Given the discrete ODE: $$\dot{\rho}_n(t) = -g \,\rho_n(t) + g\,\rho_{n-1}(t)$$
I'm advised solving this with a generating function $G(s,t) = \sum_{n=0}^{\infty} s^n\,\rho_n$
It should hold: $\sum_{n=0}^{\infty}s^n\,\rho_{n-1} = G(s,t)\cdot s+ \rho_{-1}$ thus by substituting into the ODE:
$$\dot{G} = -g\,G+ g\,s\cdot G + g\,\rho_{-1}$$
Solving brings:
$$G = {C}\,e^{\textstyle (g\,s-g)\,t} + \dfrac{g\,\rho_{-1}}{(g\,s-g)}$$
However something feels utterly weird about this.

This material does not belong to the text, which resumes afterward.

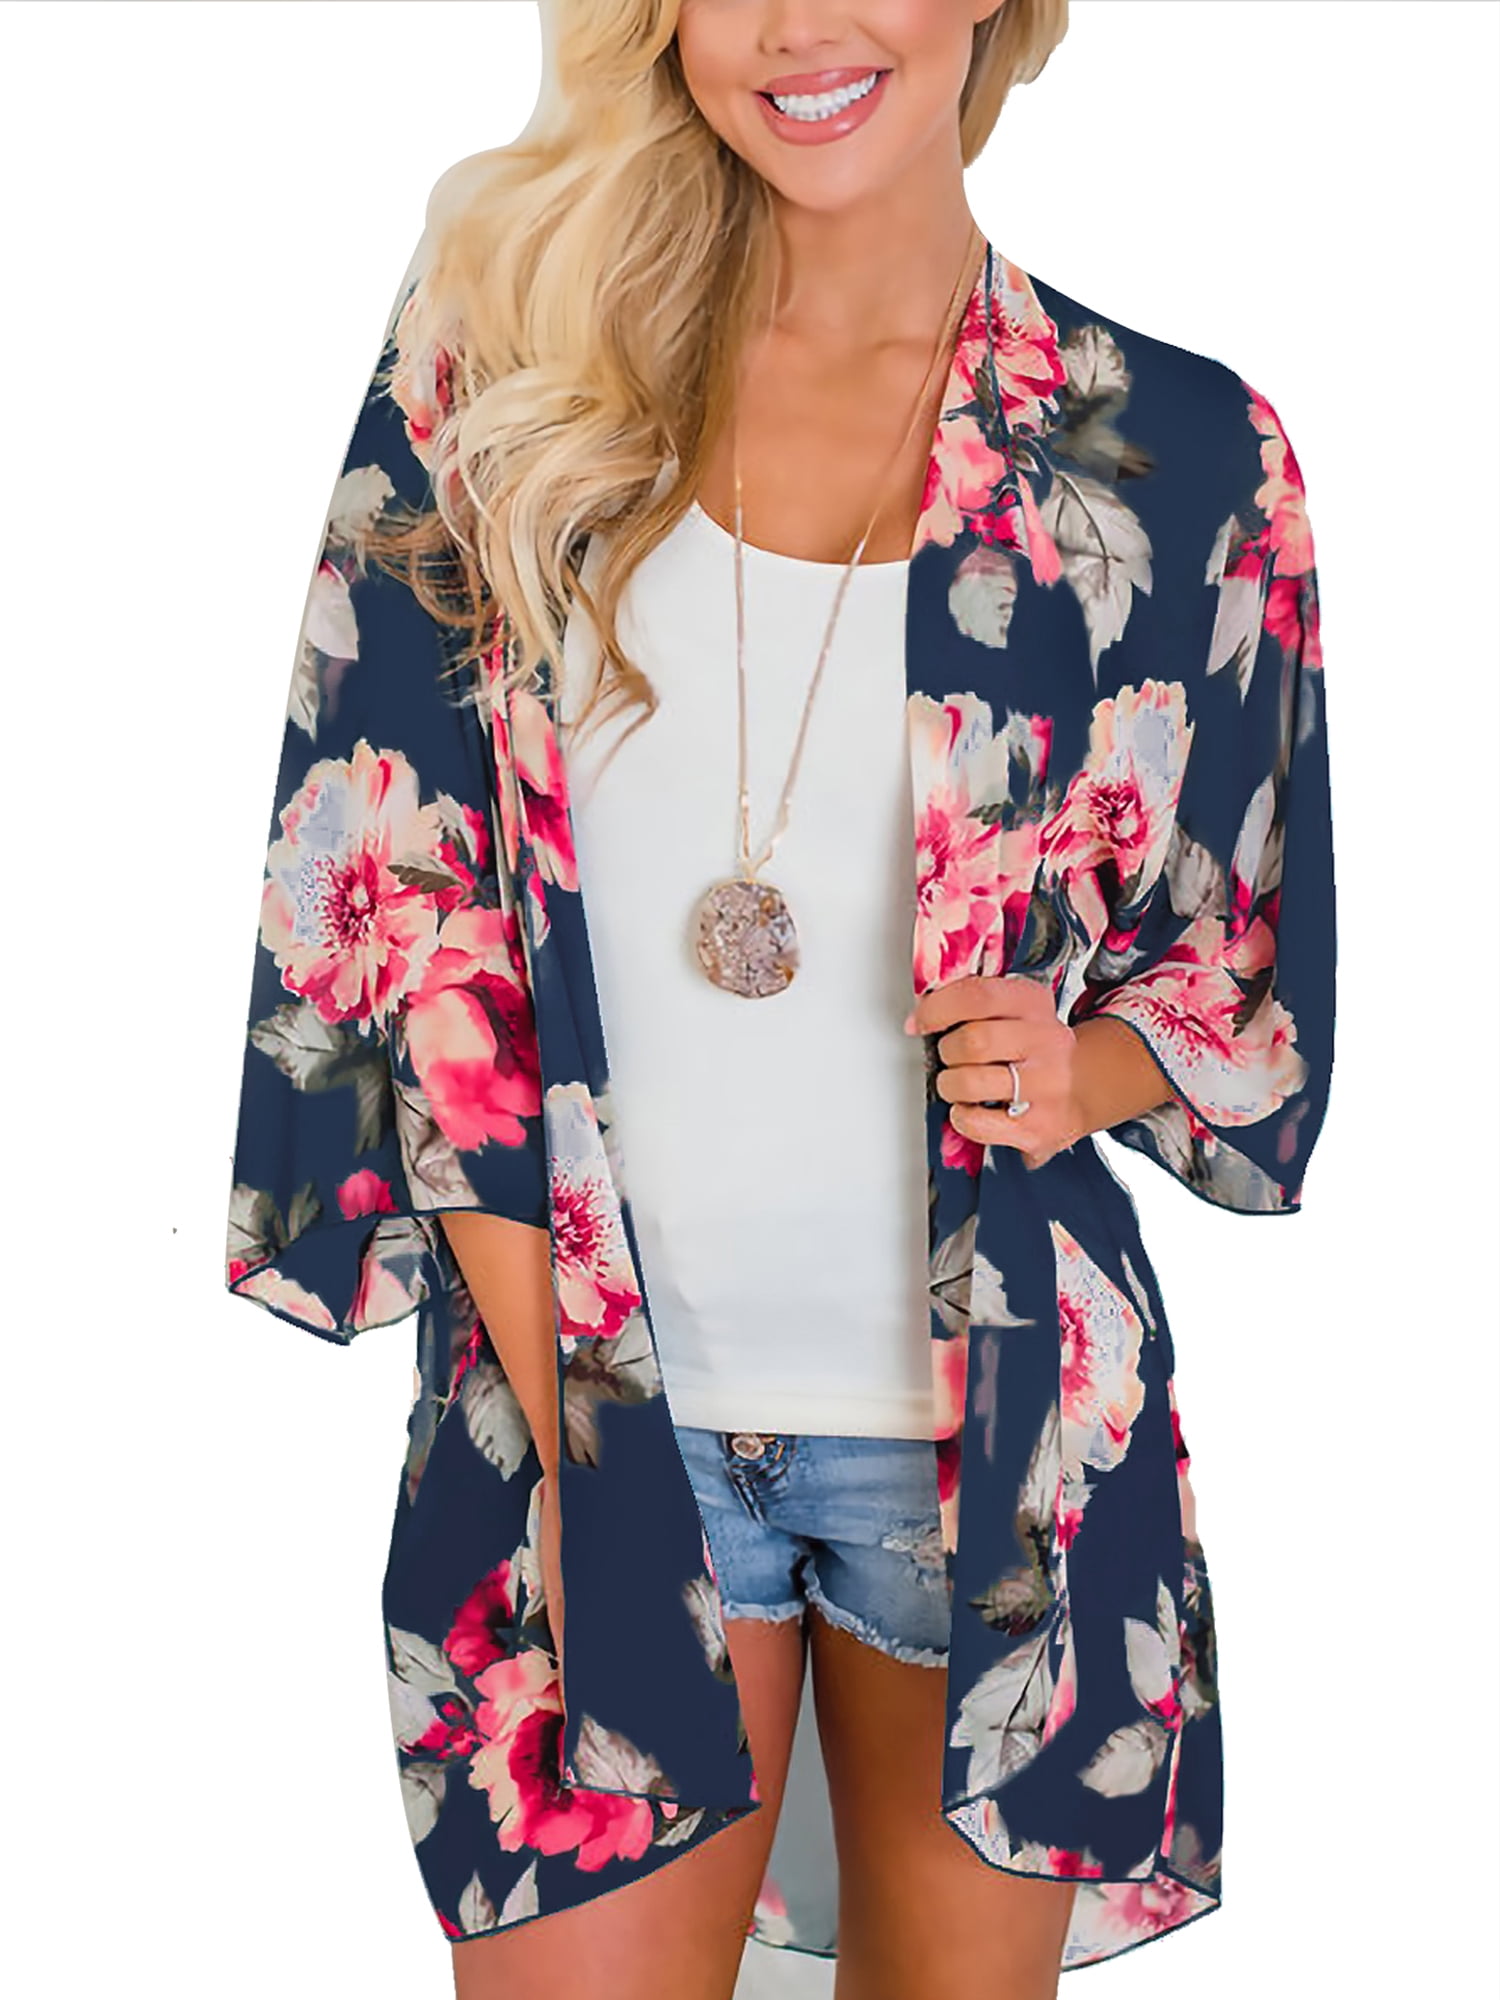 PRETTODAY Womens Floral Print Kimonos Loose Half Sleeve Shawl Chiffon Cardigan Blouses Casual Beach Cover Ups 
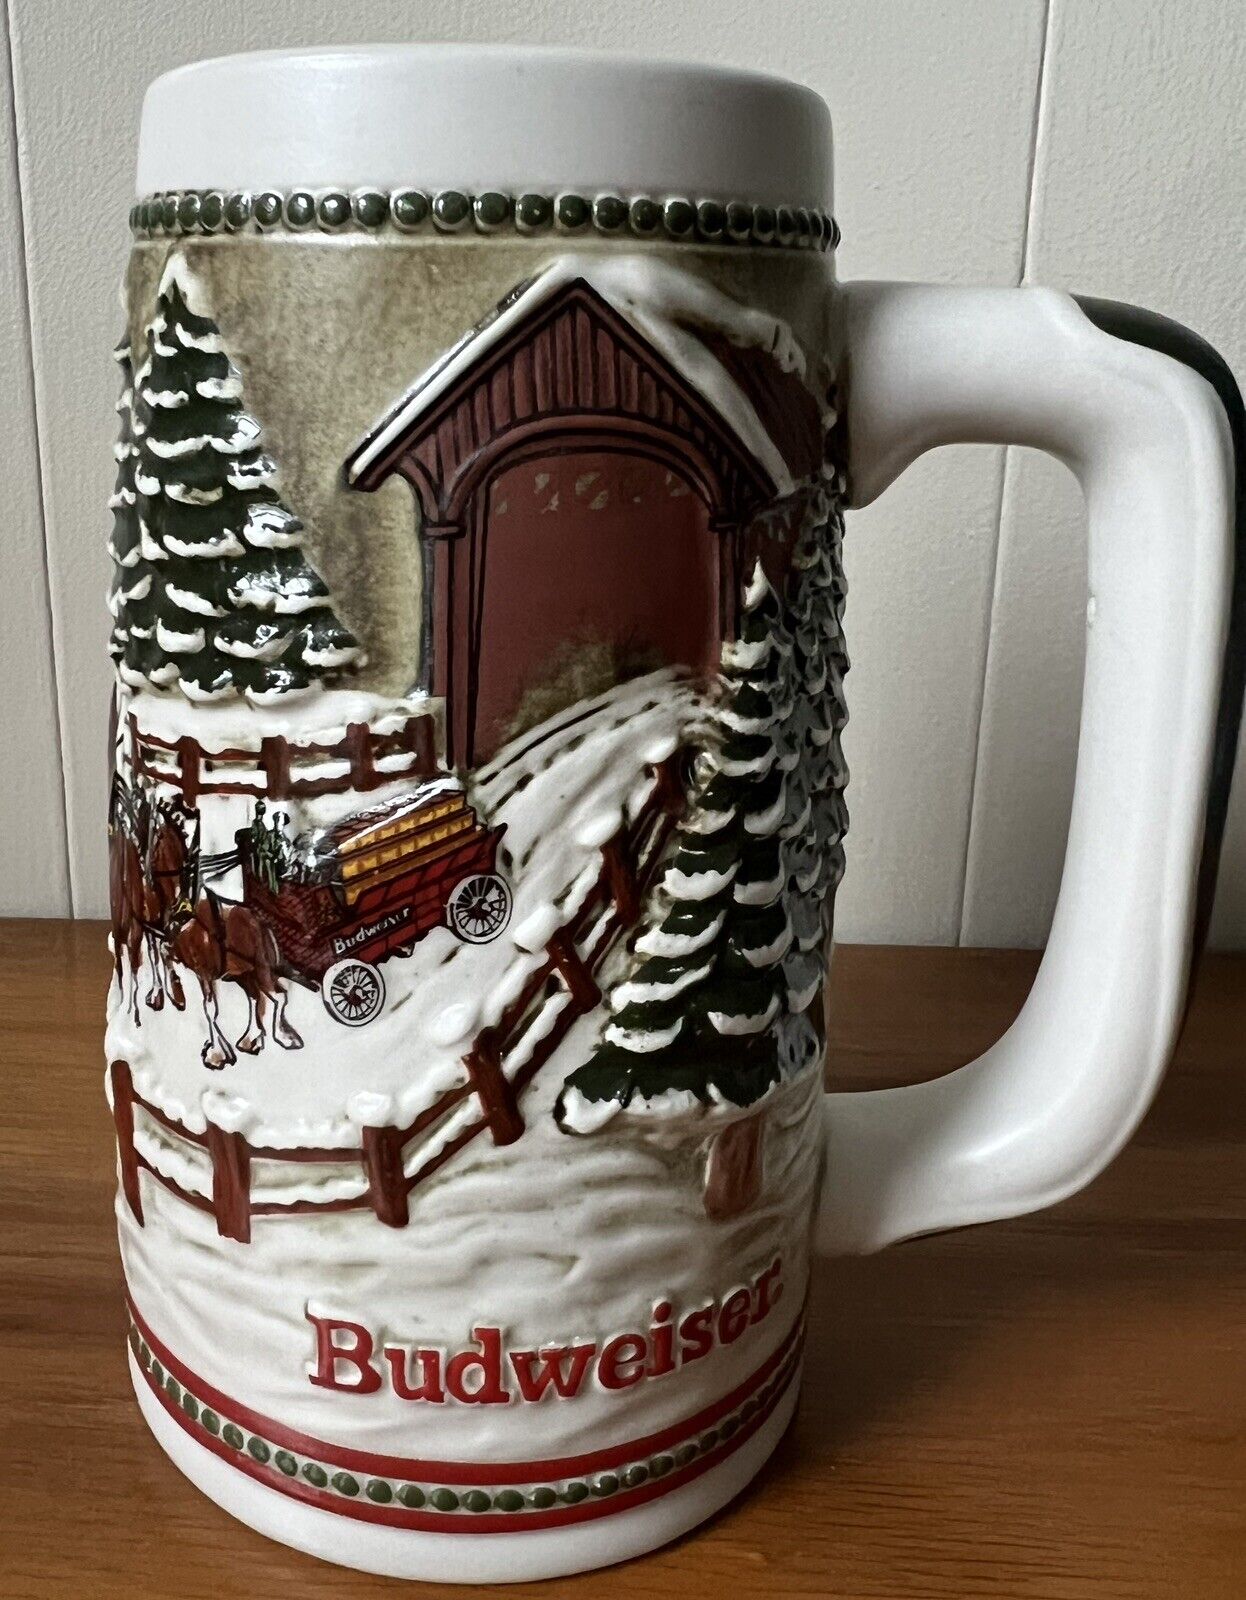 Vtg 1985 Anheuser Busch Budweiser Clydesdales Collector's Series Beer Stein Mug

Also I have no clue how this helps with finding $\rho_n(t)$. Just as little how to incorporate the initial condition $\rho_n(0) = \delta_{n0}$
Using the Laplace transform
$$ (s+g)\hat \rho_n(s) = \hat \rho_{n-1}(s)+\rho_n(0) = \hat \rho_{n-1}(s)+\delta_{n,0} $$
so
$$ \hat \rho_n(s) = \left(\frac{g}{s+g}\right)^n \Rightarrow \mathcal{L}^{-1} [\hat \rho_n(s)] = \frac{g^n t^{n-1}}{(n-1)!}e^{-g t} $$
NOTE
Regarding the generating function method, a hint:
$$ e^{(-g+gs)t} = e^{-gt}e^{g s t} = e^{-g t}\sum_k\frac{g^kt^k}{k!}s^k = \sum_k\left(e^{-g t}\frac{g^kt^k}{k!}\right)s^k $$
Defining $G(s,t) = \sum_{n=1}^{\infty}\rho_n(t)s^n$ we have
$$ \frac{\partial}{\partial t}G = -g G + g s G\Rightarrow G(s,t) = C e^{-g t}e^{s g t} $$
now, as $G(s,0) = 1$ follows $C=1$ so $G(s,t) = e^{-g t}e^{s g t}$